Introduction to Hadoop YARN
Hadoop YARN (Yet Another Resource Negotiator) is the resource management and job scheduling component of the Apache Hadoop ecosystem. It is responsible for managing the computing resources of a Hadoop cluster and allocating them to various applications running on the cluster.
YARN provides a central resource manager that arbitrates resources among all the applications in the system. It decouples the resource management and job scheduling/monitoring functions of the previous generation of the Hadoop framework (MapReduce 1) into separate daemons.
The key components of YARN are:
ResourceManager (RM)
The ResourceManager is the main daemon that manages the cluster's resources and schedules the applications running on the cluster. It is the central authority that allocates resources to the various applications.
NodeManager (NM)
The NodeManager is the daemon that runs on each node of the cluster. It is responsible for launching and monitoring the applications' containers, as well as reporting the node's resource usage and status to the ResourceManager.
Application Master (AM)
The Application Master is a per-application framework that negotiates resources from the ResourceManager and works with the NodeManagers to execute and monitor the application's tasks.

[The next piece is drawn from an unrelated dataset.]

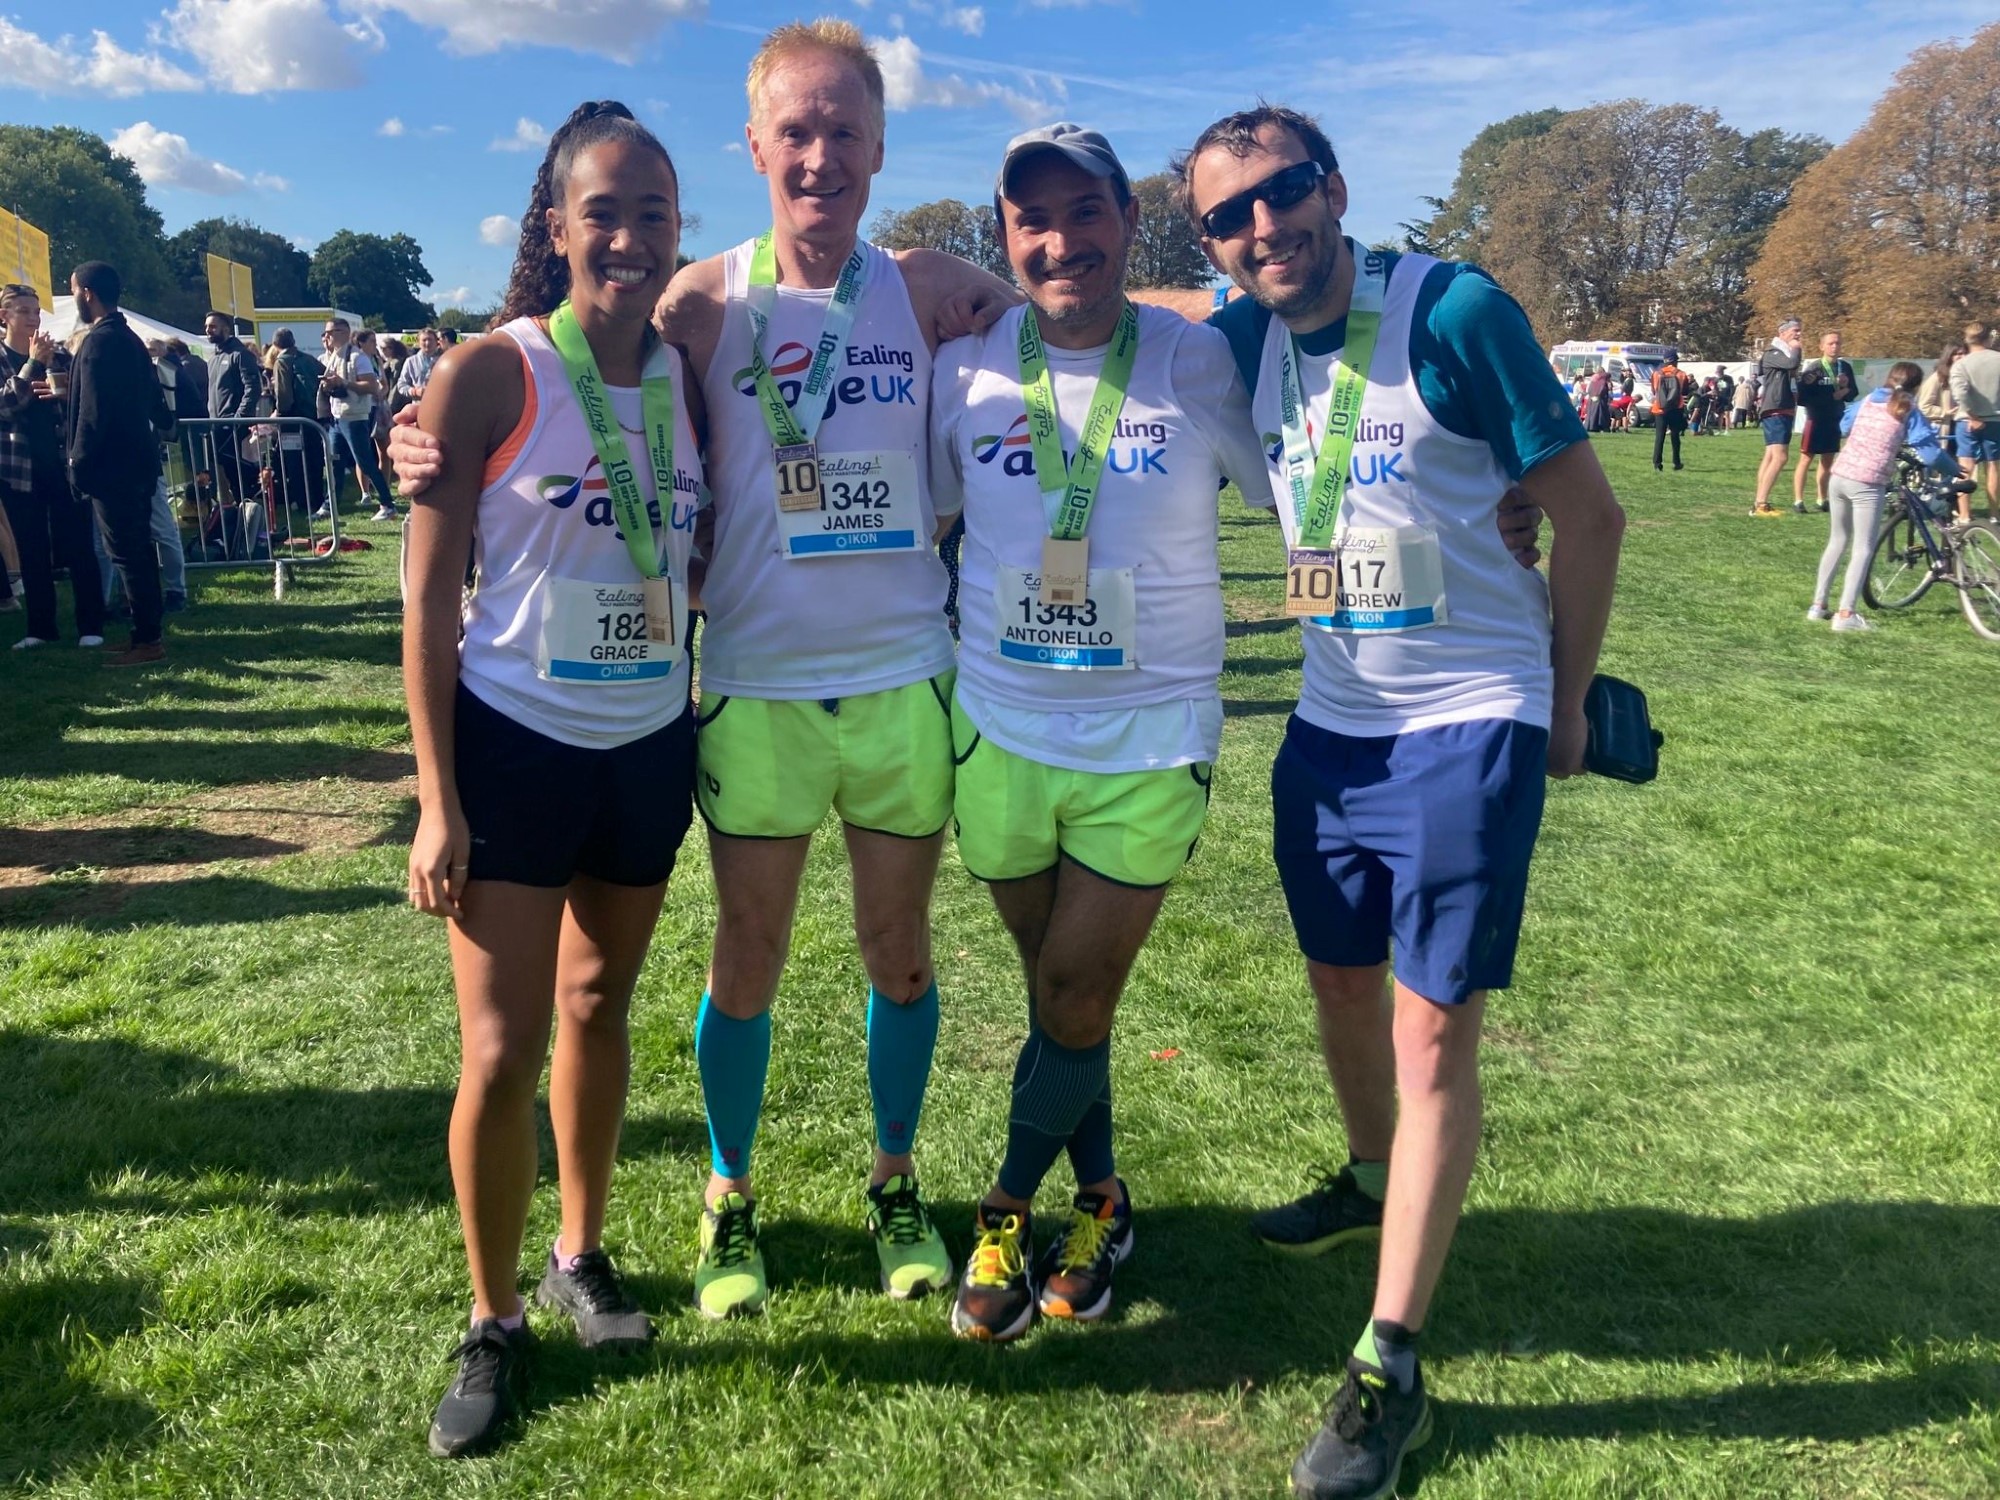 Four Age UK Ealing runners – Grace, James, Antonello and Andrew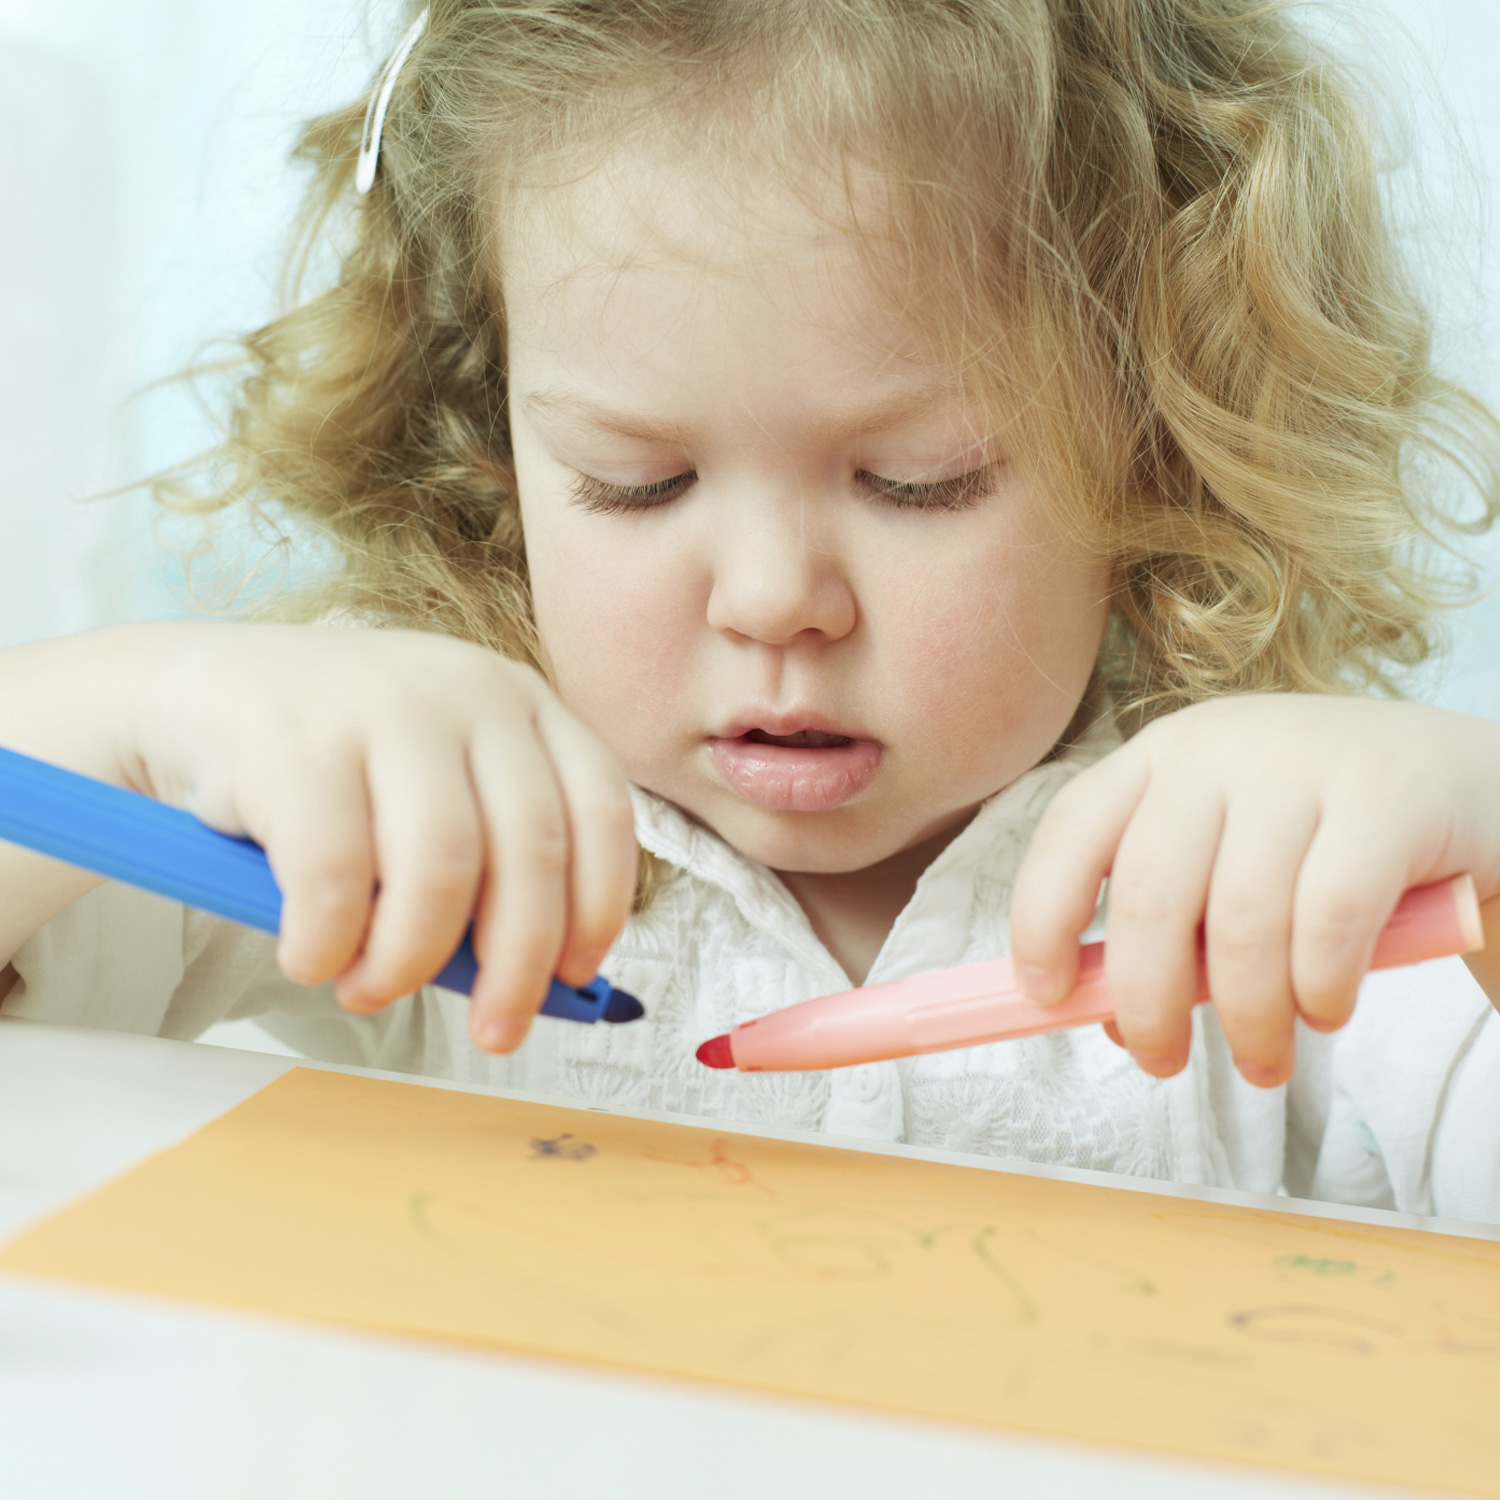 Games and activities to teach beginning writing skills to two-year-olds.

YARN provides a flexible and scalable architecture that allows for the execution of various types of applications, including batch processing (MapReduce), interactive queries (Spark, Hive), real-time streaming, and machine learning. By separating resource management and job scheduling, YARN enables better utilization of cluster resources and improved application isolation.
graph LR
Client --> ResourceManager
ResourceManager --> NodeManager
NodeManager --> Application
Table 1: Key YARN Components
Component |
Description |
ResourceManager |
Manages the cluster's resources and schedules applications |
NodeManager |
Runs on each node, launches and monitors application containers |
Application Master |
Per-application framework that negotiates resources and executes the application |